The CJI told Sibal, "These are matters where there can be and should be policy differences but that can't affect the constitutional arguments. We place these facts in the perspective of the roadmap to statehood of J-K. This isn't a justification and cannot be a constitutional challenge".
On August 29, the Centre had told the top court that the Union territory status of Jammu and Kashmir is not a "permanent thing" and that it will make an elaborate statement on the vexatious political issue in the court on August 31.
The five-judge constitution bench, hearing the pleas challenging the abrogation of Article 370, had asked the Centre to set a specific time frame for restoration of electoral democracy in the erstwhile state.
"The Union territory status of Jammu and Kashmir is not a permanent thing. So far as Ladakh is concerned, its UT status is going to remain for some time," Mehta had told the court.
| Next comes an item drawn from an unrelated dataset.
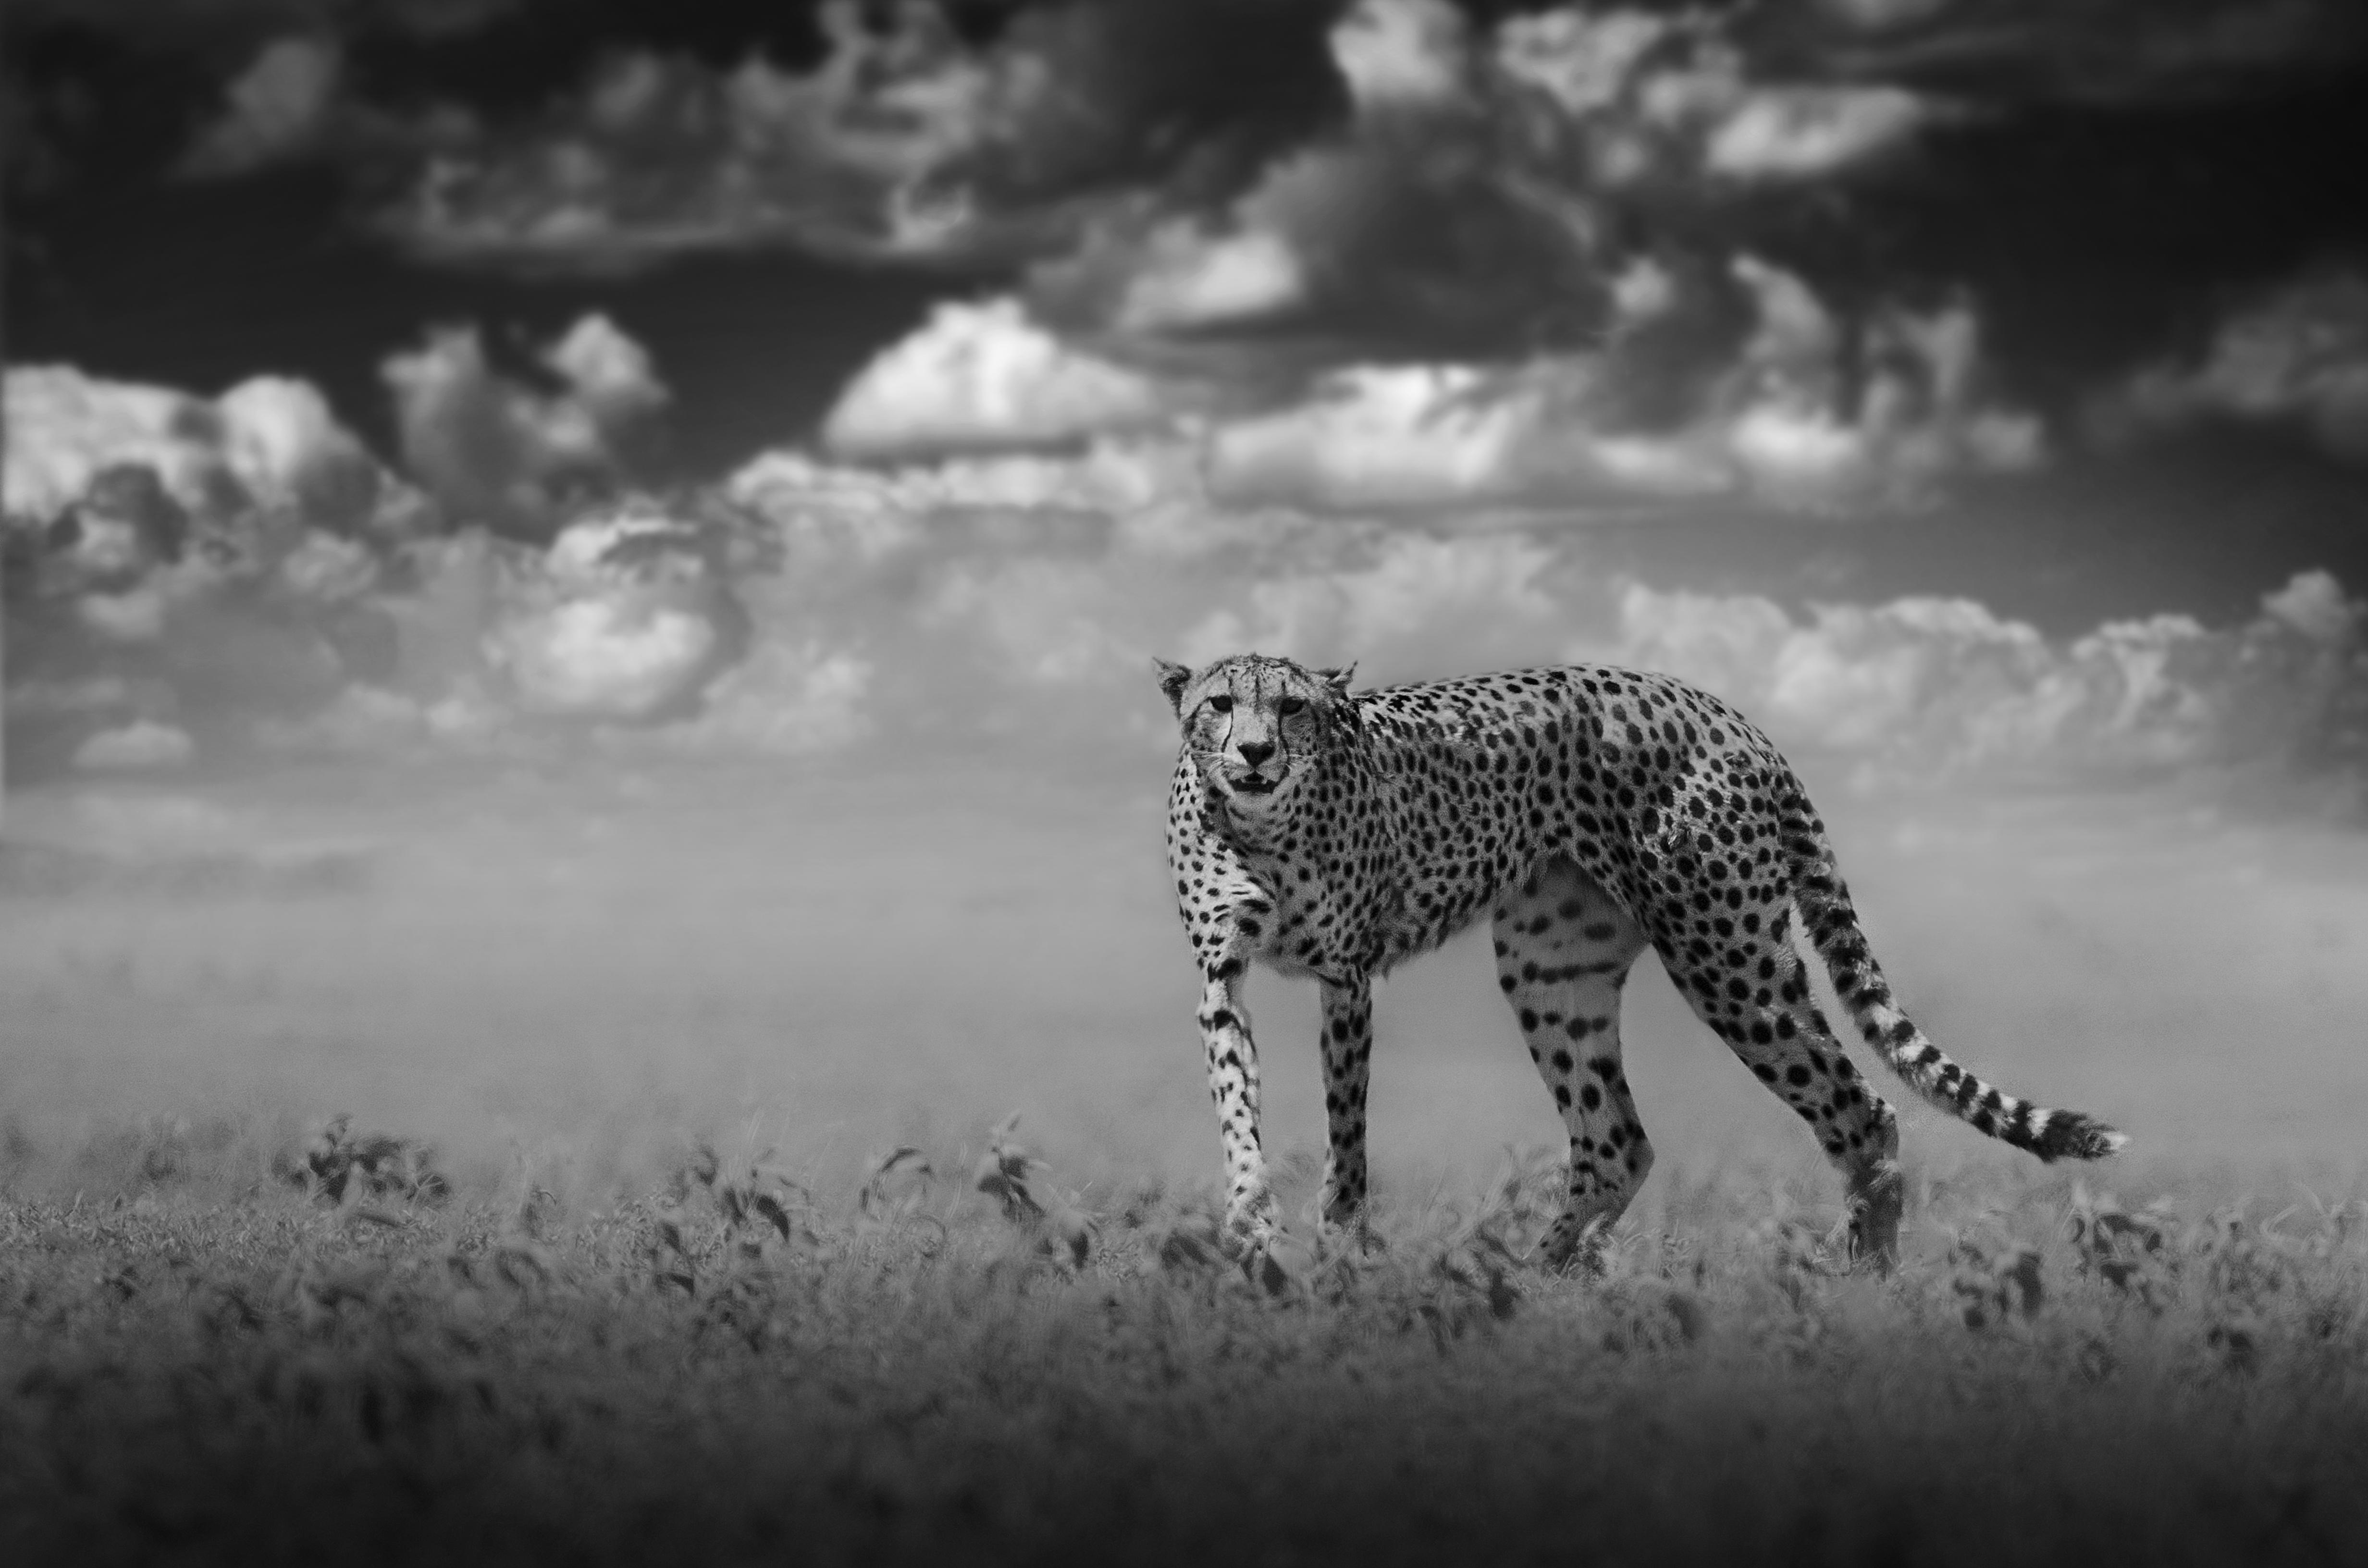 Wildlife art - Leopard

On last Friday, the top court which was hearing Mehta's submissions defending the Centre’s decision to do away with the special status of the former state and its reorganisation had told him, "Democracy is important, although we agree that in view of the national security scenario, reorganisation of the state can be done."
The court, however, said lack of electoral democracy cannot be allowed to go on indefinitely.
"This has to come to an end... give us the specific time frame as to when you will restore actual democracy. We want to record this,” the bench said, and asked Mehta and Attorney General R Venkataramani to seek instructions from the political executive and get back to the court.